Они пришли ночью. Разрешили взять с собой 100 килограммов вещей, но никто и не думал, что папы с нами не будет, никто ведь не понимал - за что... Ни суда не было, ничего - просто пришли русские солдаты... Я и там видел человека, который указывал пальцем на нашу семью. Этой ночью выслали много семей из Яунсауле, и этой ночью закончилось мое знакомство с Латвией, о той Латвии я не помню ничего... В Сибири меня воспитывали в русском духе, и это принималось как должное... Мы были разные - немцы с Поволжья, калмыки с Каспия, были русские, были, конечно, латышские семьи - и ни одного молодого мужчины, все они оказались в Воркутинской области, и все погибли.
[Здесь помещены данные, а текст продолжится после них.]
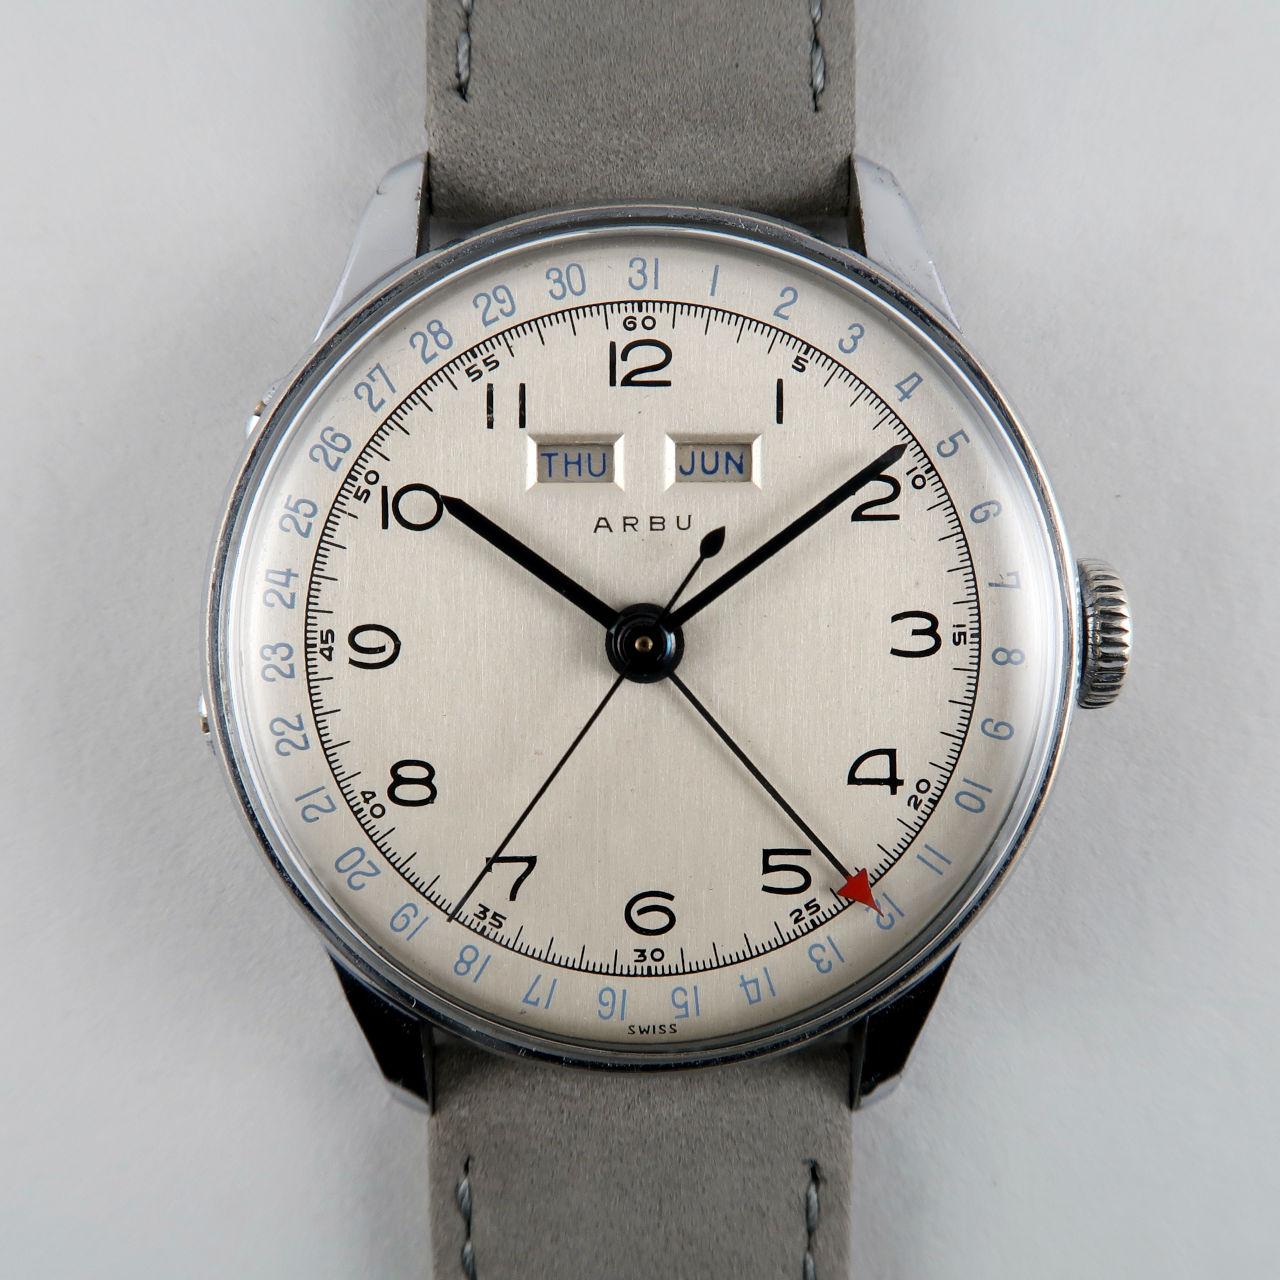 Arbu circa 1950 | steel and chromed triple calendar wristwatch

Знаю, что один человек выжил, он рассказывал о моем отце, о его гибели - это господин Бекерис,
он вернулся в Яунсауле. Но годы идут, умер и он. Он рассказывал, что отца убили очень просто - они шли в каменоломню, отец упал от голода и не смог подняться. Конвойный ударил его прикладом по голове со словами: «На эту фашистскую собаку даже пули жалко»... Вот так умер мой отец.
Что касается меня, то самые трудные годы были до 1948 года, потому что ни мама, ни другие латышские женщины
русского языка не знали.
Надо было как-то приспосабливаться.
С тех пор как начал себя помнить, моим моим самым большим желанием было как следует поесть.
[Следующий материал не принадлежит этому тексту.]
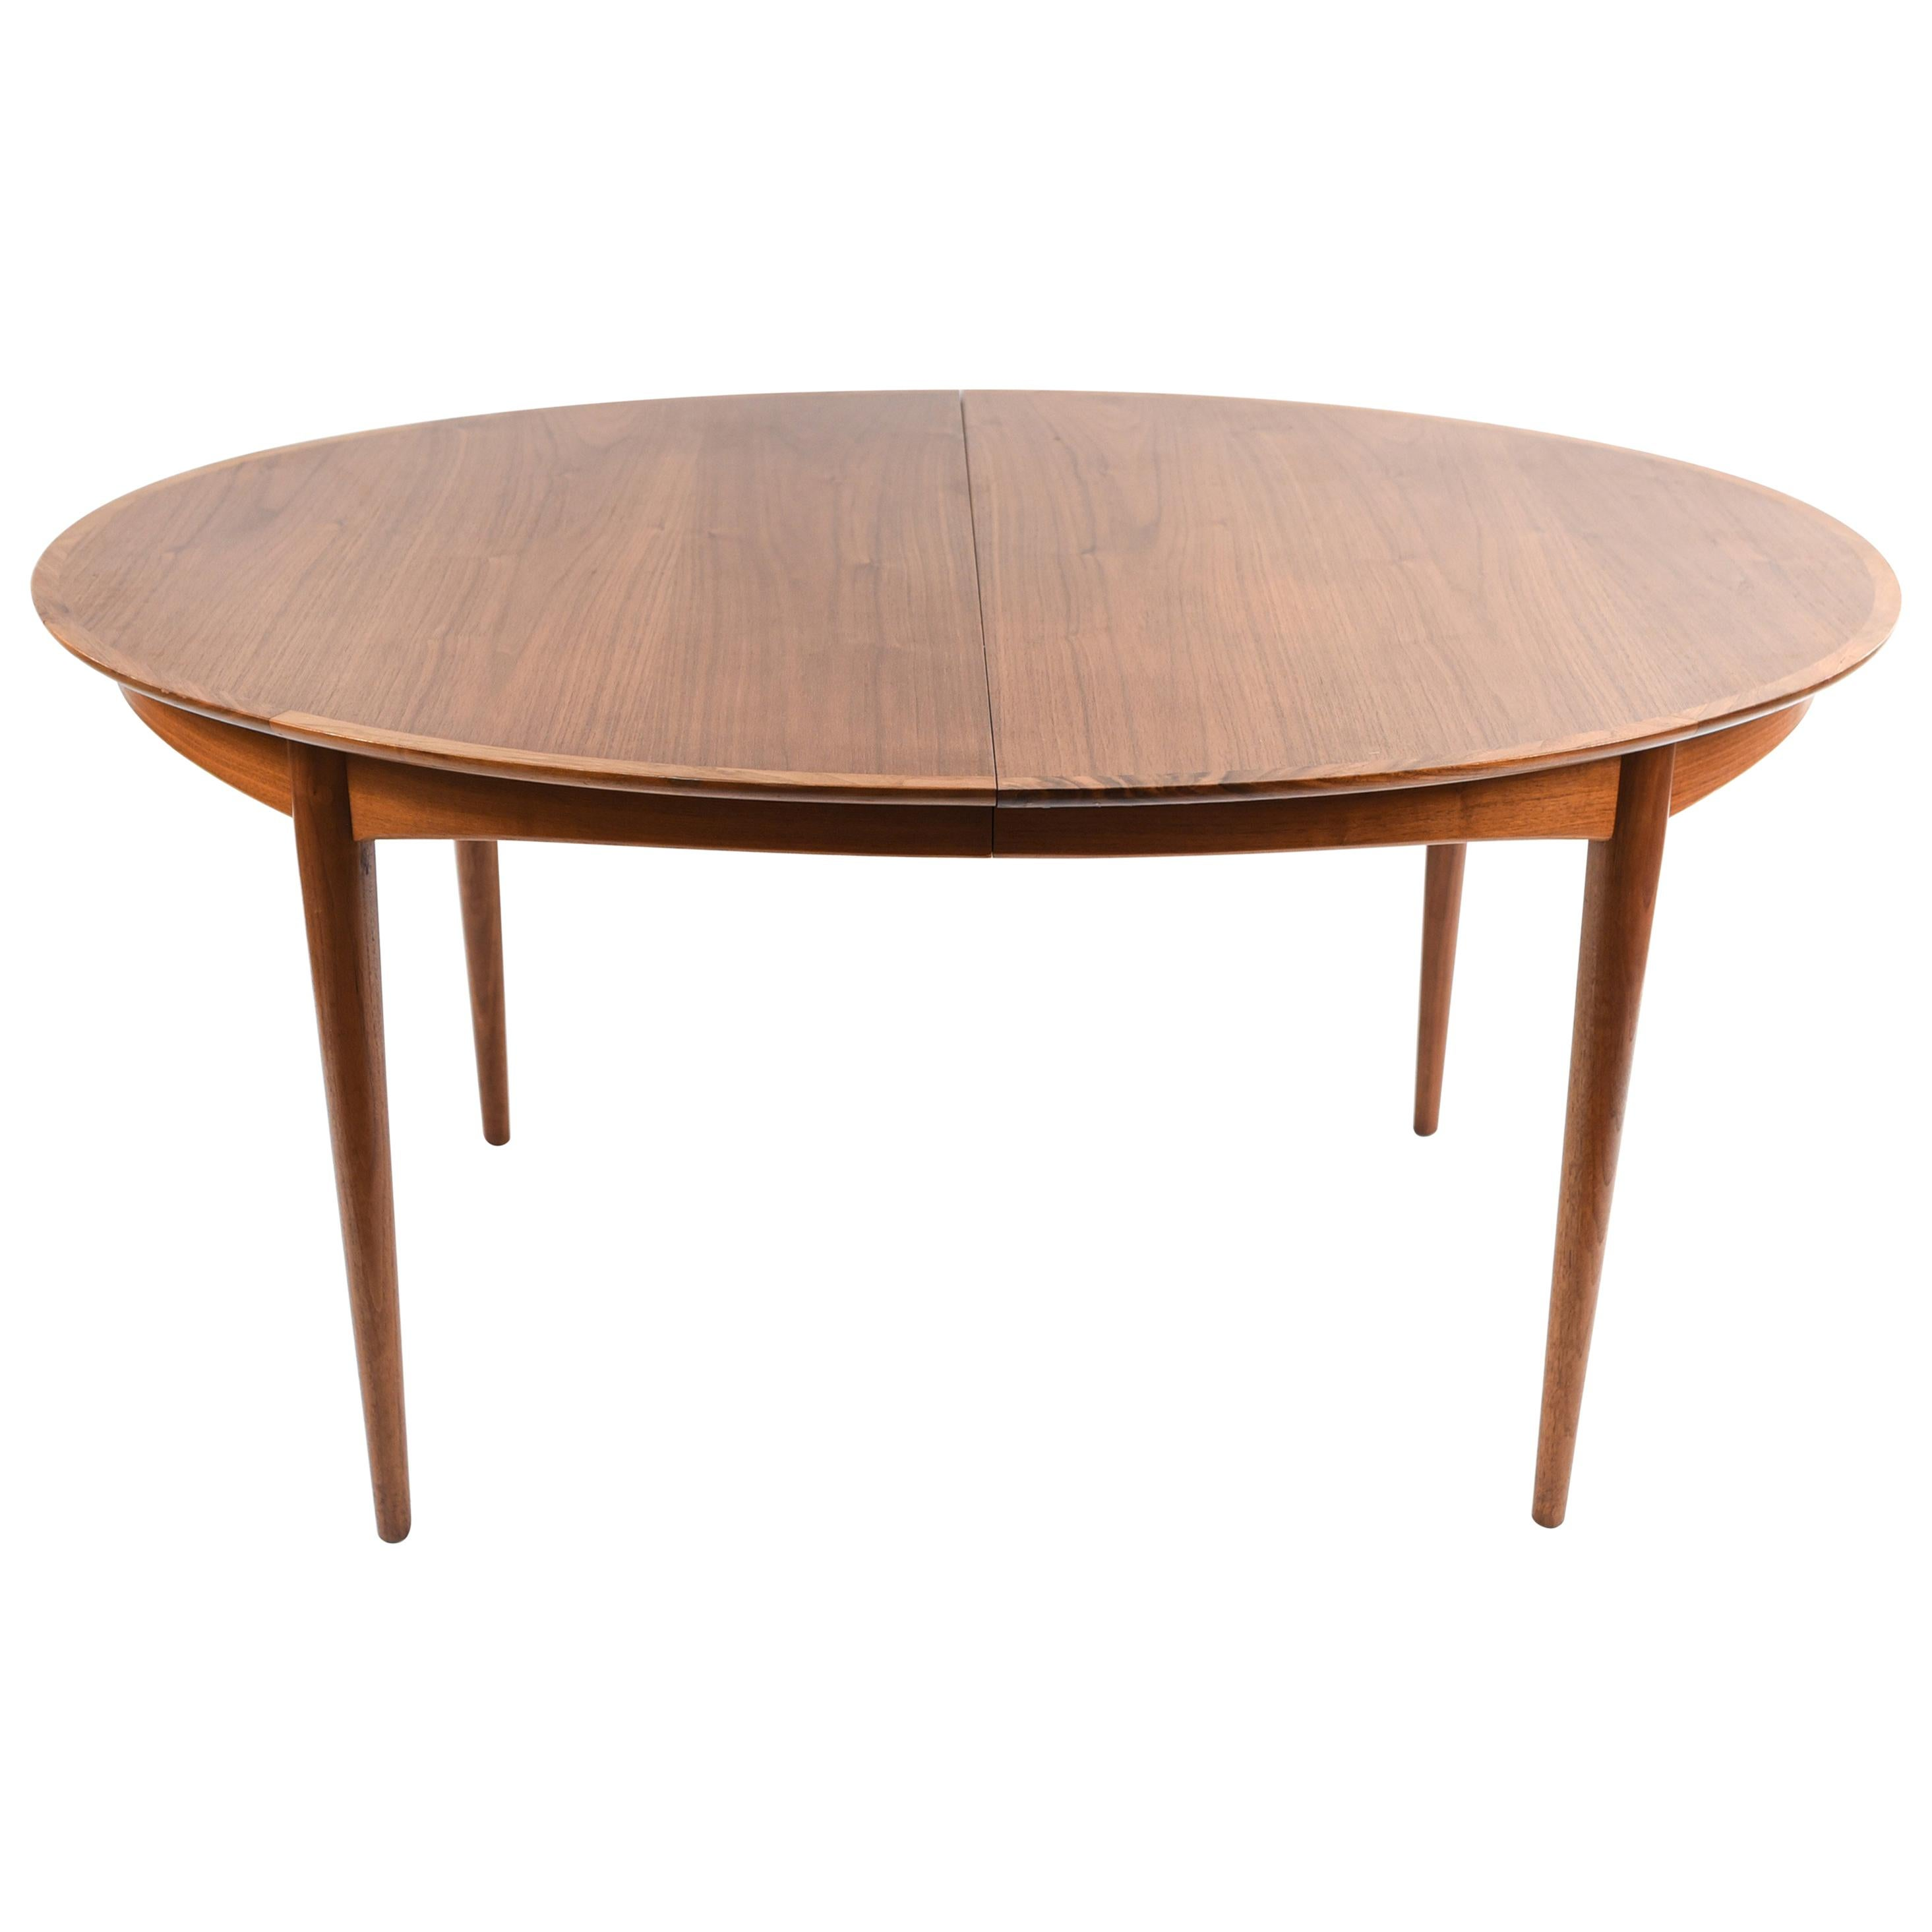 Midcentury Drexel Dining Table

Мы не знали, что такое хлеб, потому что долгие годы вообще его не видели.
Женщины с утра до вечера работали, а мы, дети, дома оставались одни.
Если женщинам выпадало работать на очистке
страница 1053
зерна, приносили домой спрятанное в мешочках на теле зерно, значит, детям можно было сварить кашу. Помню такой эпизод, мне было лет пять-шесть. Мама купала меня в ванночке, живот у меня был огромный, ножки и ручки тоненькие. Мама плакала и приговаривала, какой же я уродливый, у меня был рахит, а мама говорила: «Нечего мне тебе дать, детка...». Эти слова я помню.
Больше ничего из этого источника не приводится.